Friday, October 16, 2009

Noggins Farm Corn Maze

First you take your flag, in case you get lost in the maze and they need to "extract you". Wild Thing insisted on a red flag.
The map of the maze and the observation platform for those who want to watch.
Nature Girl mapping her way through the maze. She was ruthlessly efficient. Ruthless I say!
Papa Pan worrying we're going to be stuck feeding cranky napless Sprout cow corn for dinner. Never fear I found a huge crop of chickweed to tide him over.
Posted by Picasa

Apple Picking at Noggins


No horse drawn wagon this time, this is a big commercial orchard they have tractors!


No one minded the lack of horses (they do have miniature horses when we get back).


We're almost at the orchard!!!!


Taste testing the rare Kestral apple (unless you live in Nova Scotia you've probably never tried one - they are delicious but don't keep well for export.
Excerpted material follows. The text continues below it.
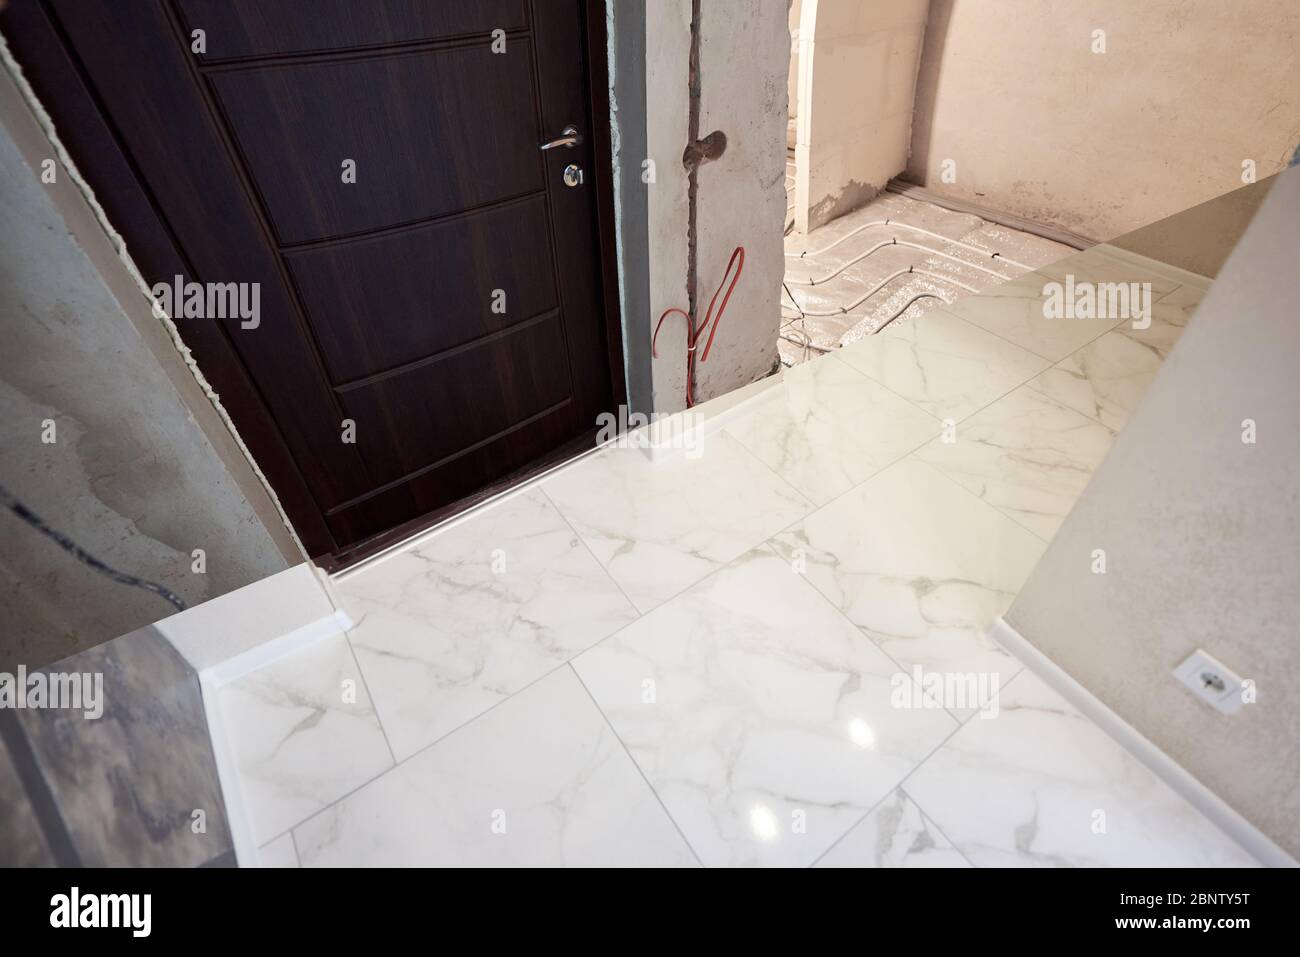 Comparison of old apartment with underfloor heating pipes and new flat with white marble floor and brown entrance door. Modern apartment before and after refurbishment. Concept of home restoration. Stock Photo

Apples straight from the orchard are completely unlike anything you've ever bought in the store).
Posted by Picasa

Simple Machines - The Incline Plane


The slide fanatics think these are wicked.


RAces - more mass means Nature Girl won every time.


Papa Pan was nervous about letting Sprout go on his own until I reminded him about that mass thing, and the fact that the leading cause of toddlers breaking their legs is silly adults taking them down the slide in their laps because "it is safer". He slide down SO slowly it was really funny.


There was a tantrum when it was time to leave, less napping, more sliding!
Posted by Picasa

Simple Machines at Noggin's Farm


The pumping game uses levers and an incline plane to make ... FUN!

More pumping less duckie hoarding!

Nothing better than starting an afternoon outside in really cold weather, than by getting really wet.


Okay you three, enough of these boring science demonstrations, lets go eat some apples!